Publication Date: January 2016
Research and Editorial Team: Paata Turava, Levan Avalishvili and Sergi Jorbenadze
Freedom of Information Guidebook - Georgia

The Institute for the Development of Freedom of Information (IDFI) has released the second edition of the manual entitled “Freedom of Information – a Guide for Public Institutions”. With the support of the United States Agency for International Development (USAID), under the programme Good Governance in Georgia (G3), the guidebook was developed to provide civil servants, journalists, organisations and other stakeholders with relevant theoretical knowledge, as well as practical guidance, on how to interpret and apply legislation regulating the access to public information in Georgia. It can thus be useful for both professionals who request and who provide information.

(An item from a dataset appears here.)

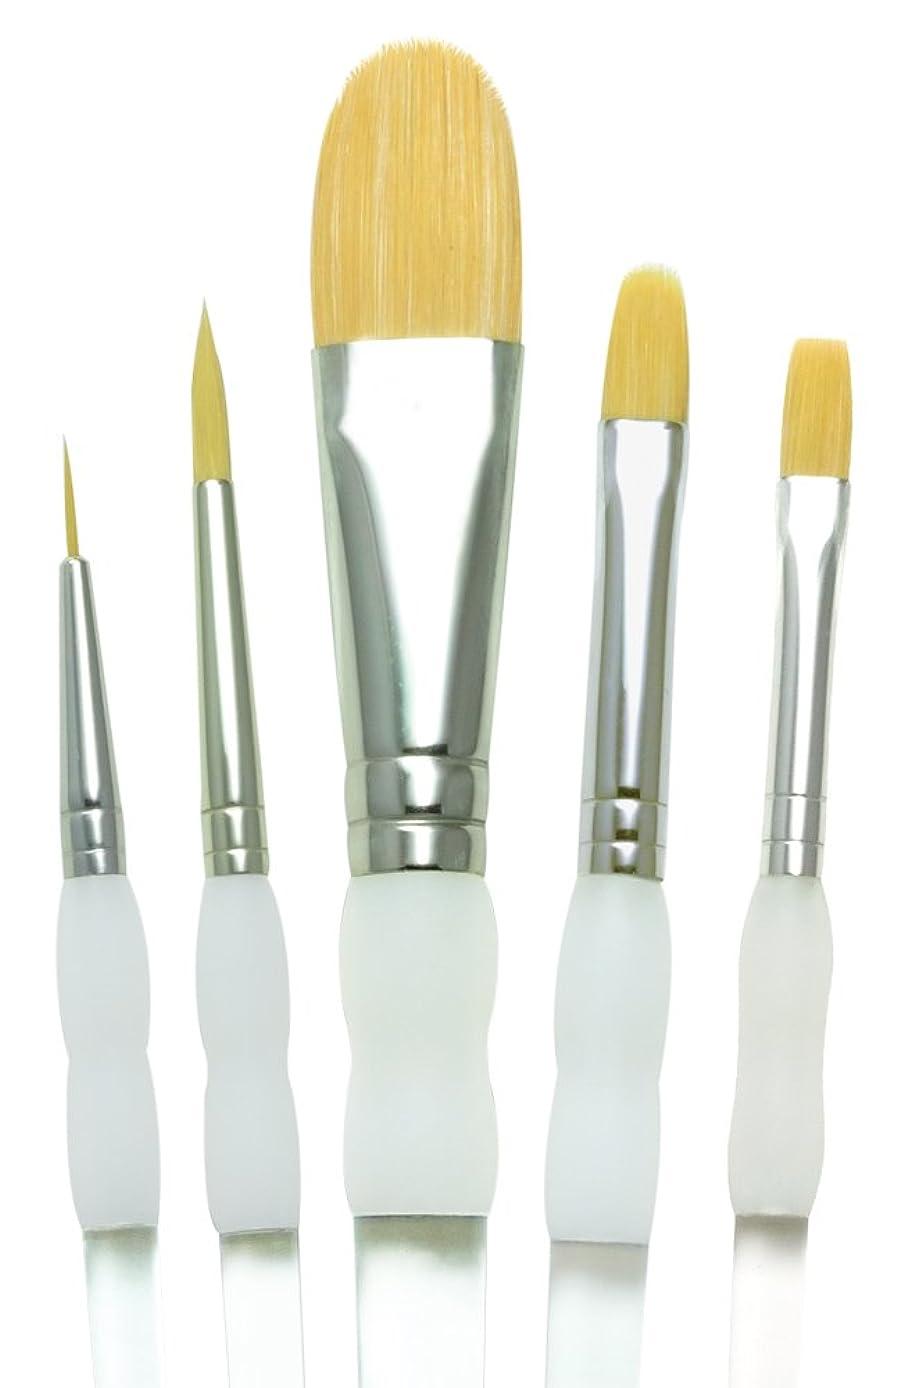 Royal Brush 408548 10014044 Soft Grip Starter Golden Taklon Fiber Paint Brush Set Assorted Size Multicolor 5

The guidebook presents legal documents and articles on freedom of expression which are applicable in the country, taken from the European Convention of Human Rights (to which Georgia is a party), the Georgian Constitution and the General Administrative Code of Georgia. The relevant concepts are explained in depth and exemplified, and the guidebook also contextualises the scope of the articles, providing clear examples of their applicability. Precisely because of this more practical approach, the guide can be handy also for non-jurists who are not used to consulting legal sources.

In its final sections, the guide explains the grounds on which freedom of expression can be restricted, and how to apply a proportionality test to assess whether access to information or the protection of privacy should be given priority. In its second edition, the “Freedom of Information Guidebook” includes new sections on personal data protection and proactive disclosure of public information.

Written by Paata Turava, Levan Avalishvili and Sergi Jorbenadze, the guidebook is available in English, Georgian, Armenian and Azerbaijani, thus being a valuable resource for professionals from all the region of the South Caucasus who go work in Georgia.